[RECORDED INFORMATION]
=== Section Start ===

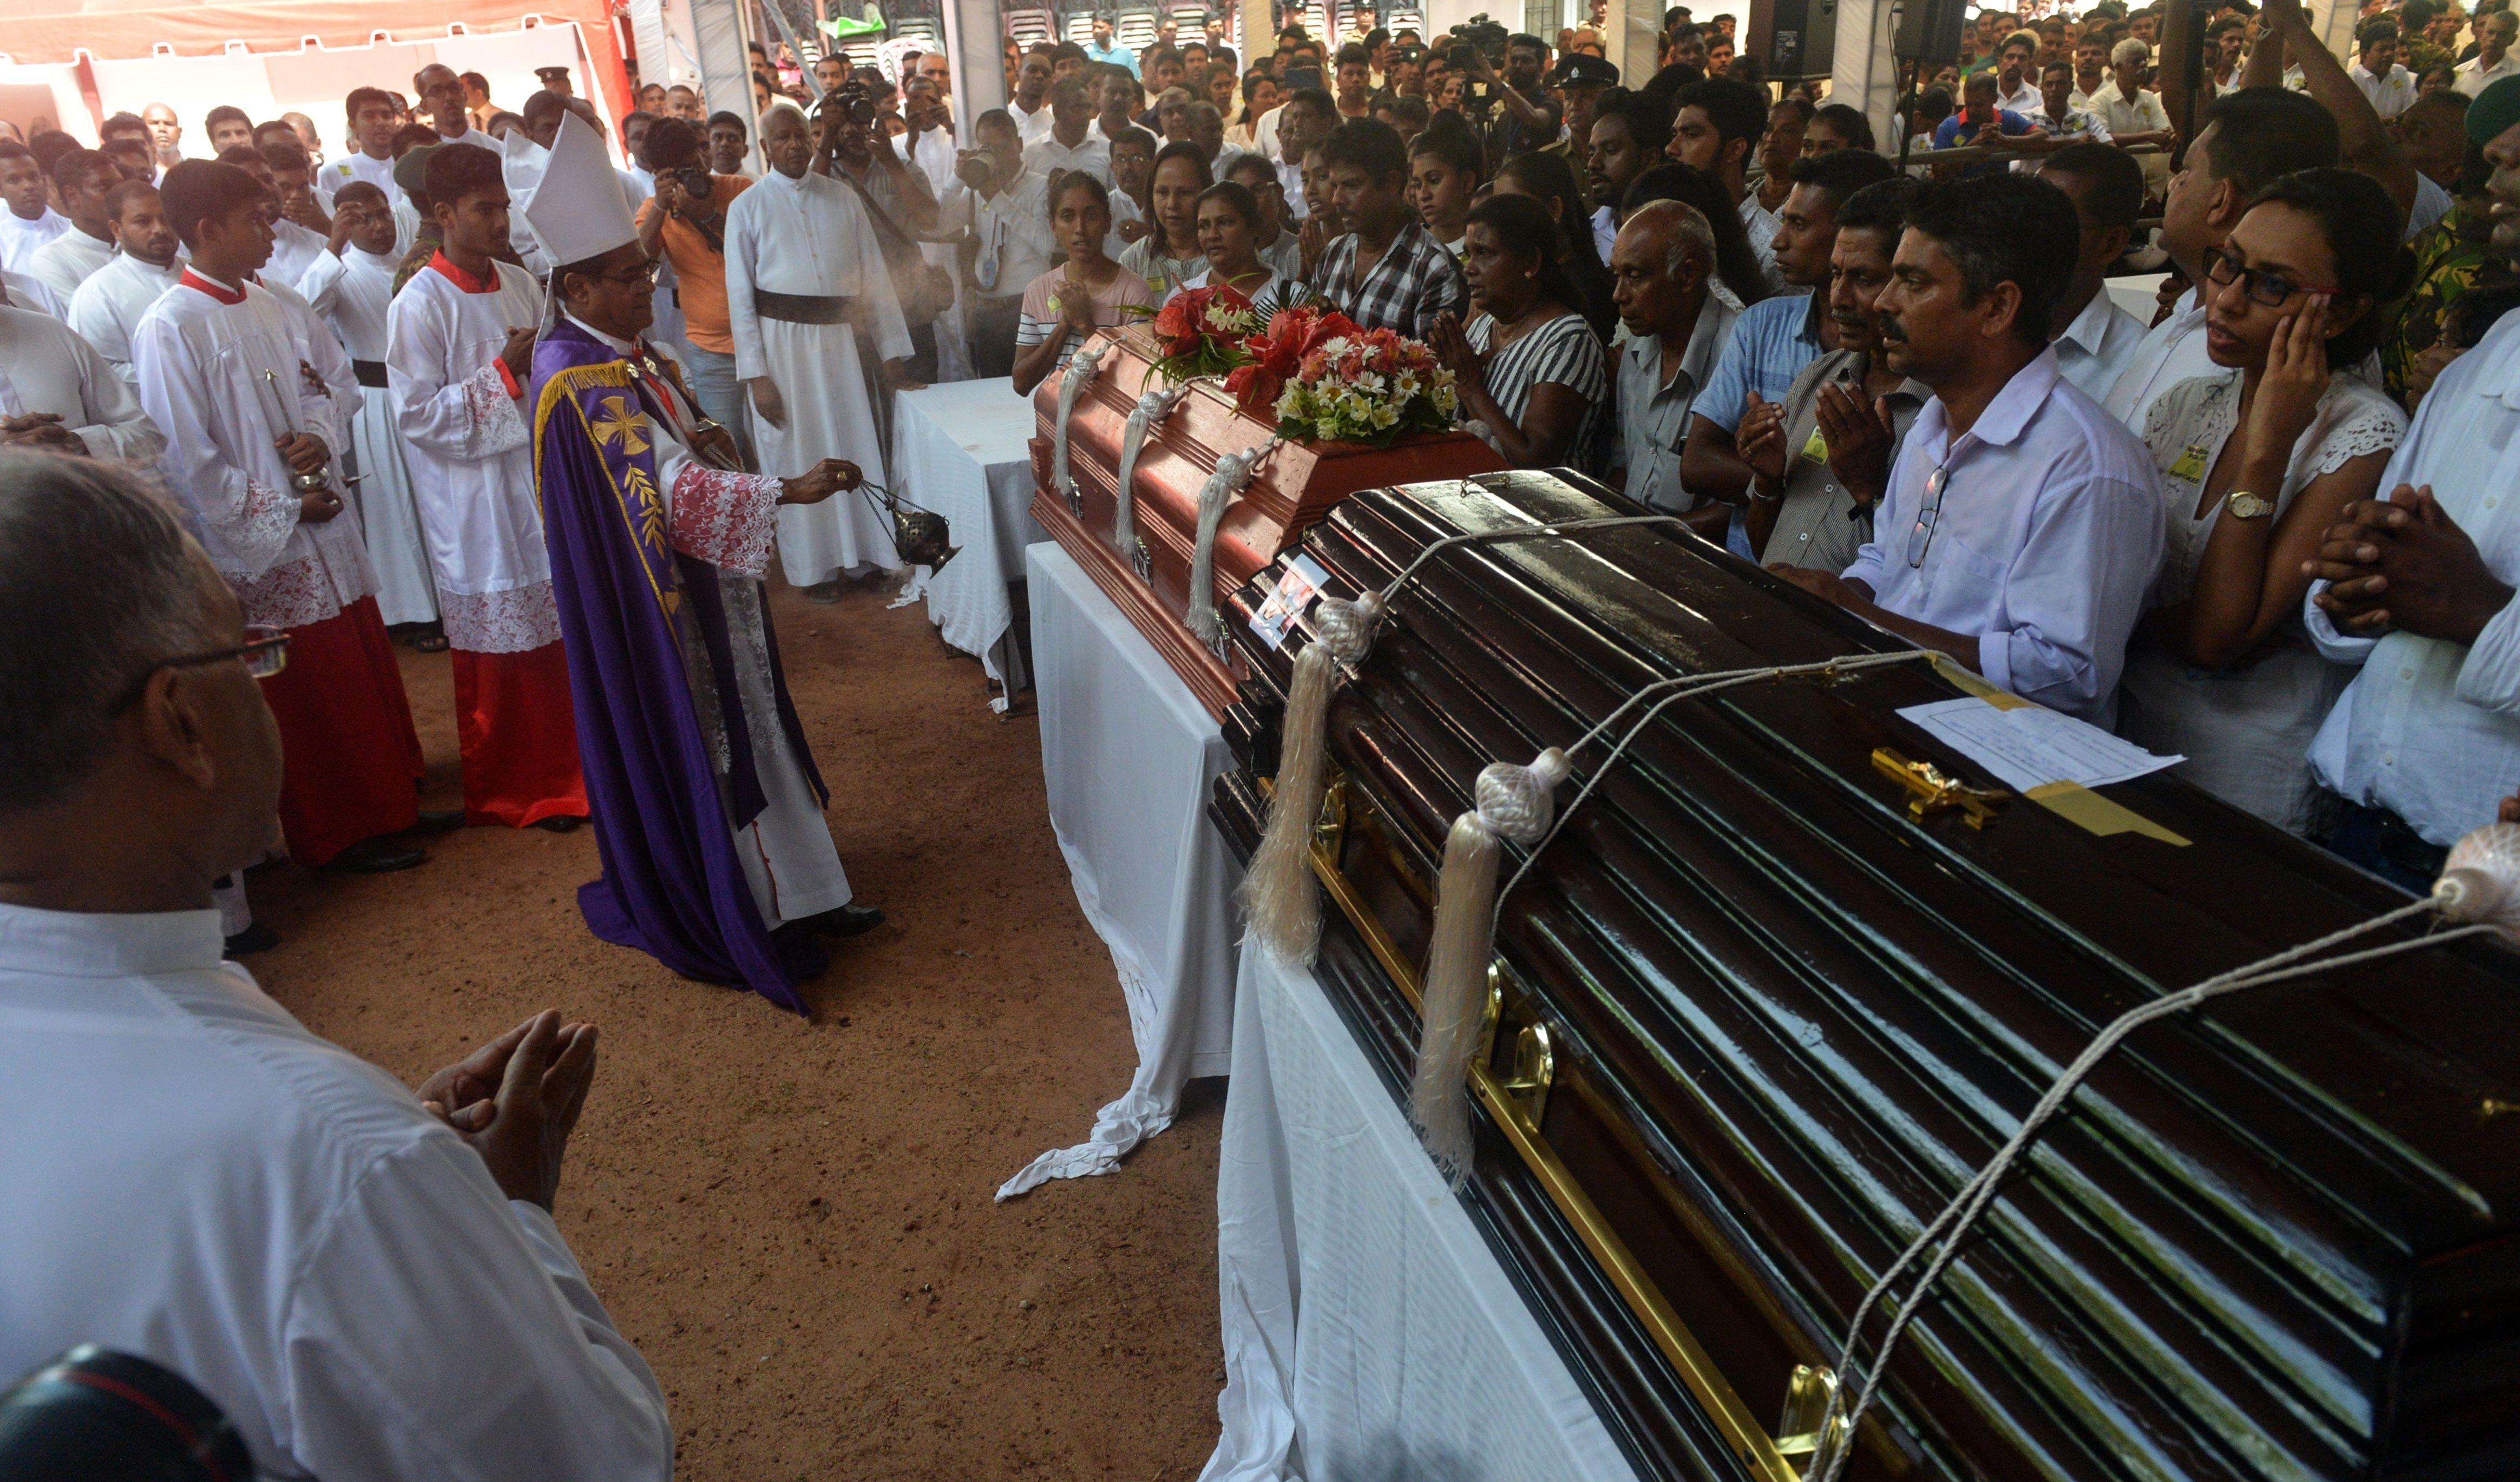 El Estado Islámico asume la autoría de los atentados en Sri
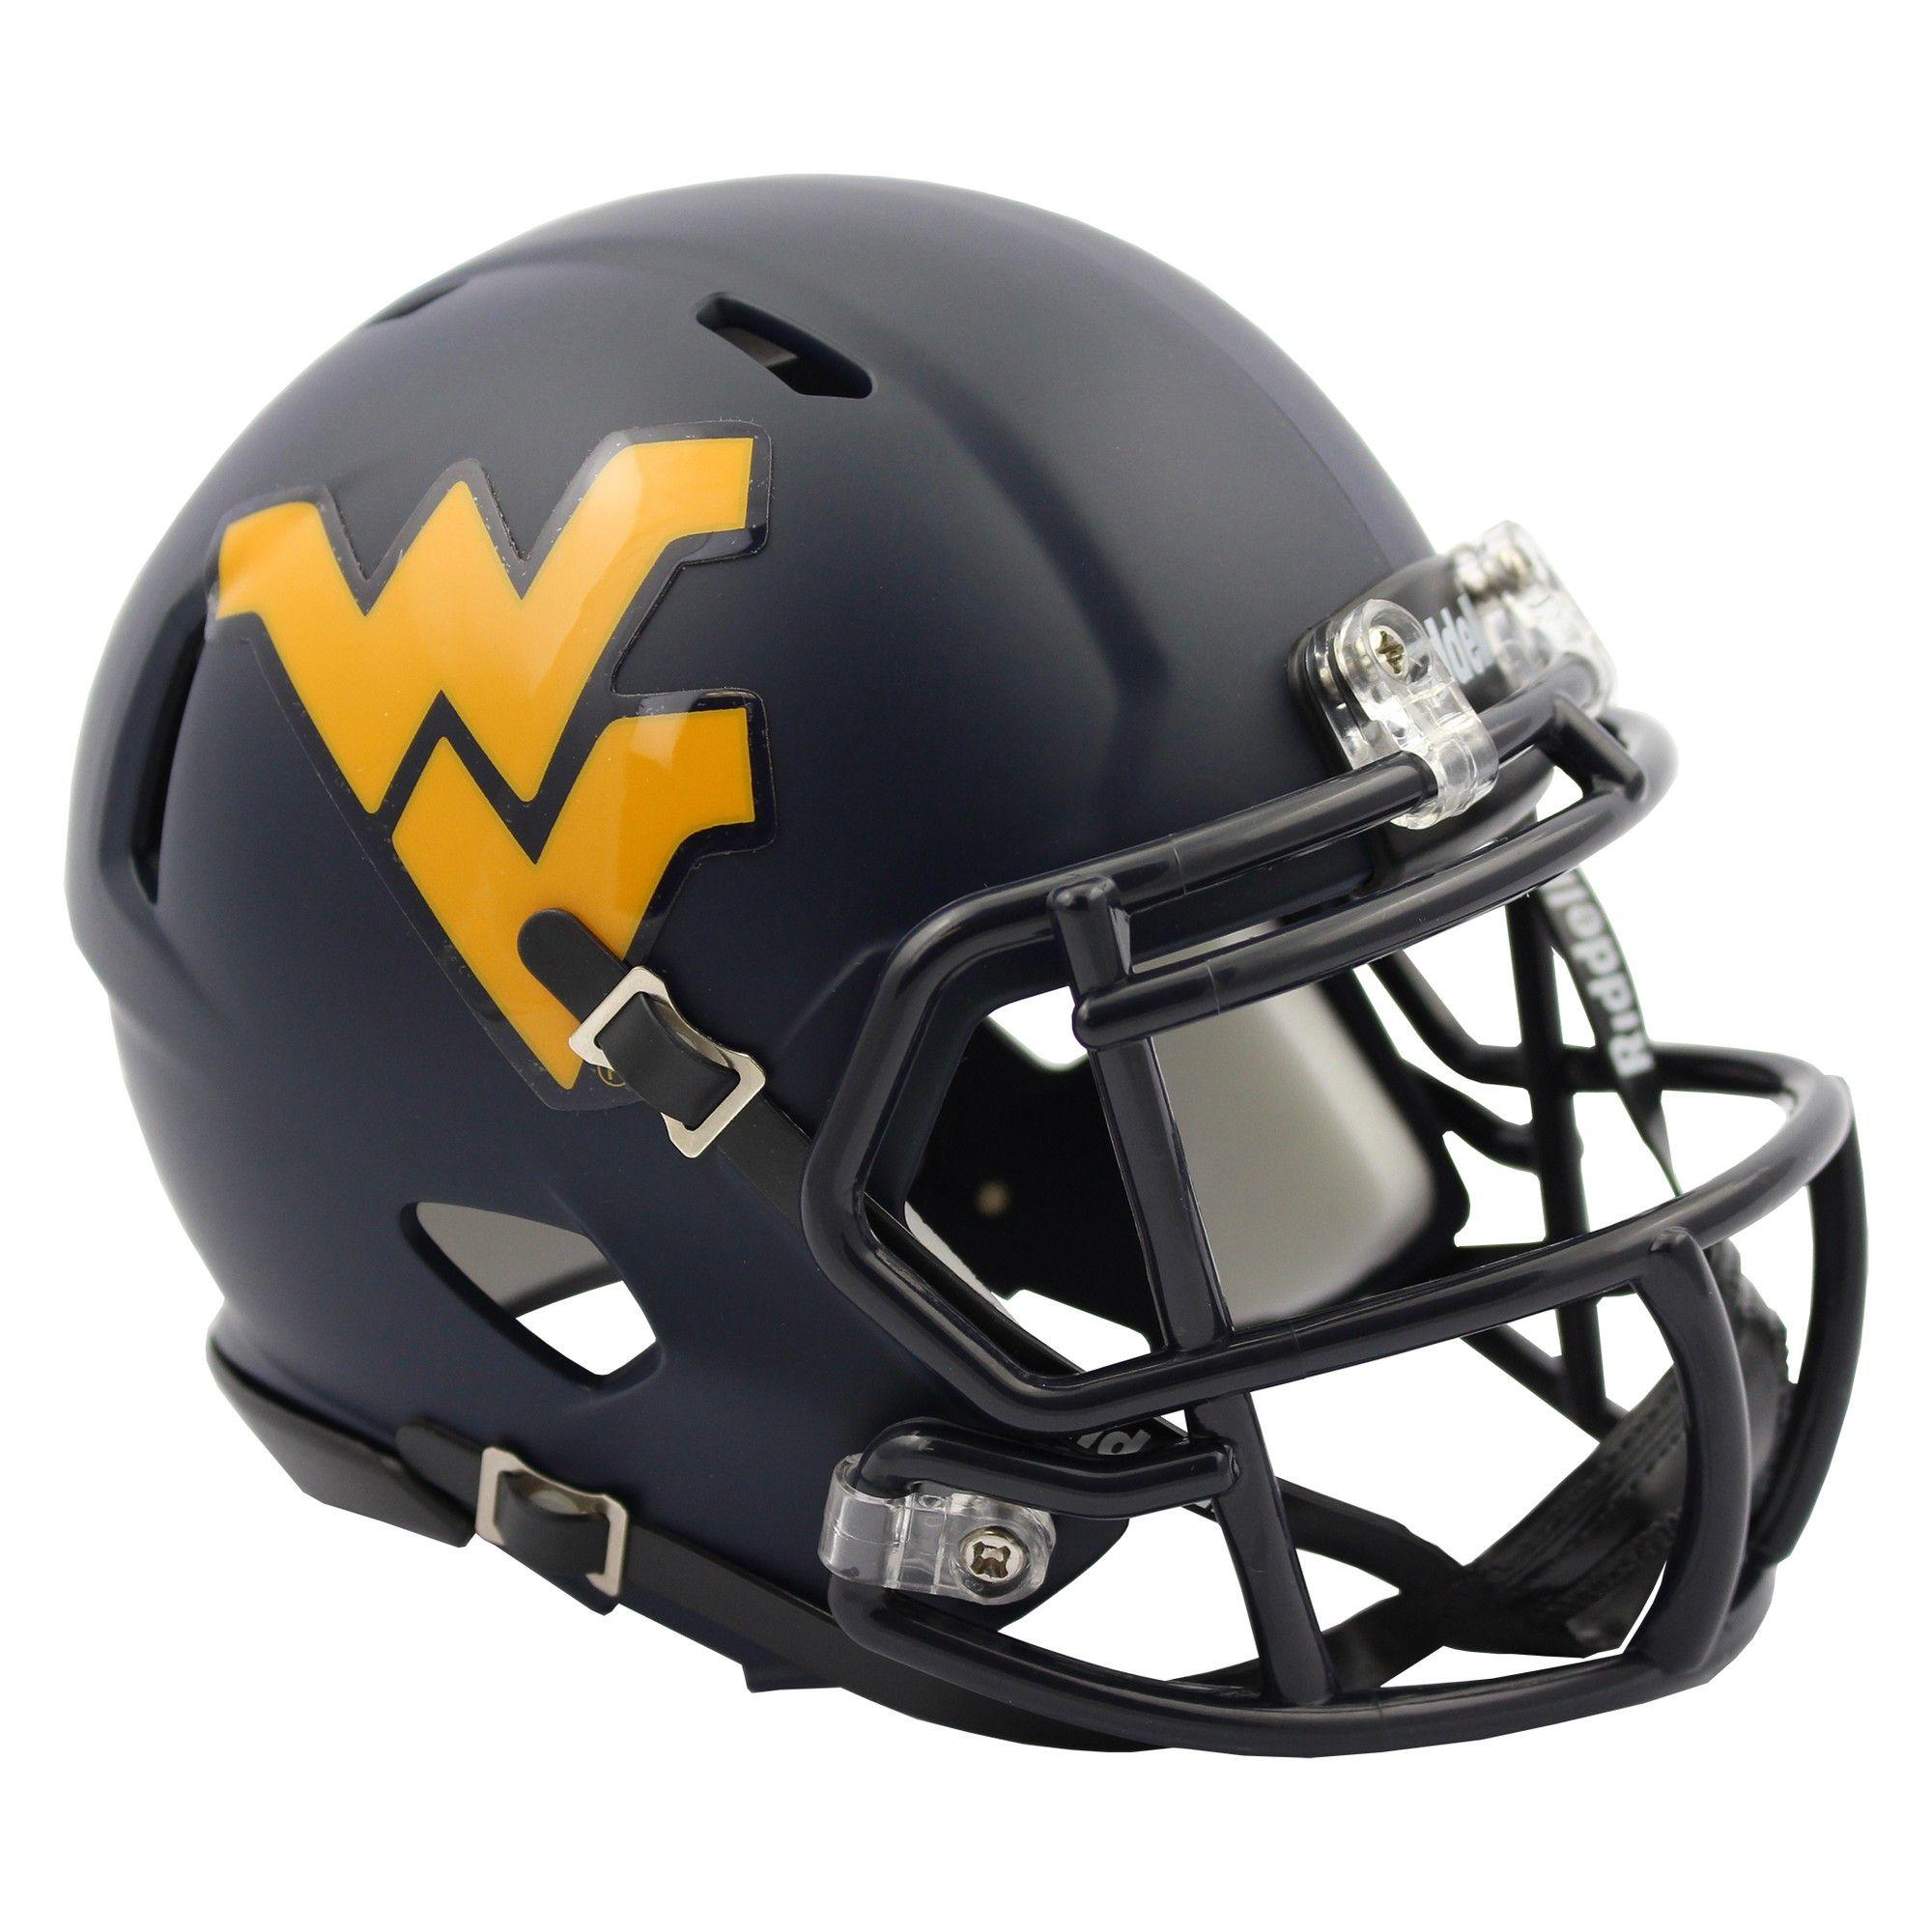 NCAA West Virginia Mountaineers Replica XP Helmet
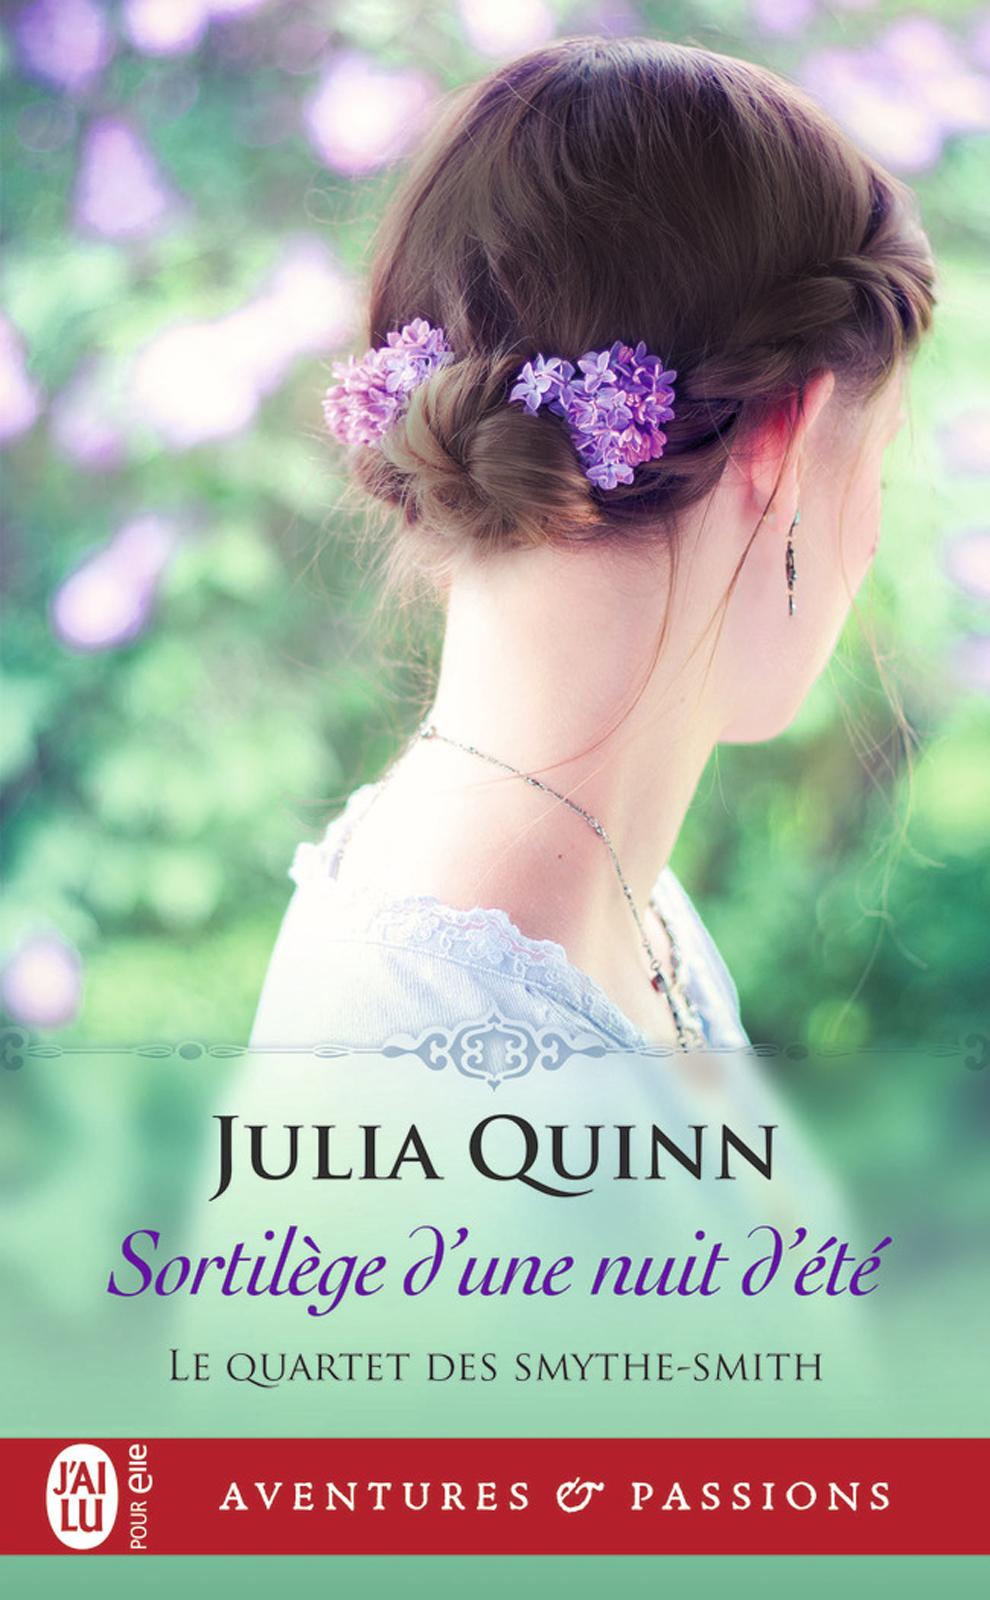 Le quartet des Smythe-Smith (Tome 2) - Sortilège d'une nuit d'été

=== Section End ===

[WORK ORDER]
Look for the line that contains "NCAA West Virginia", then please copy it and the rest of the lines through the end of the data, pictures excluded.

[YOUR RESPONSE]
 NCAA West Virginia Mountaineers Replica XP Helmet
 Le quartet des Smythe-Smith (Tome 2) - Sortilège d'une nuit d'été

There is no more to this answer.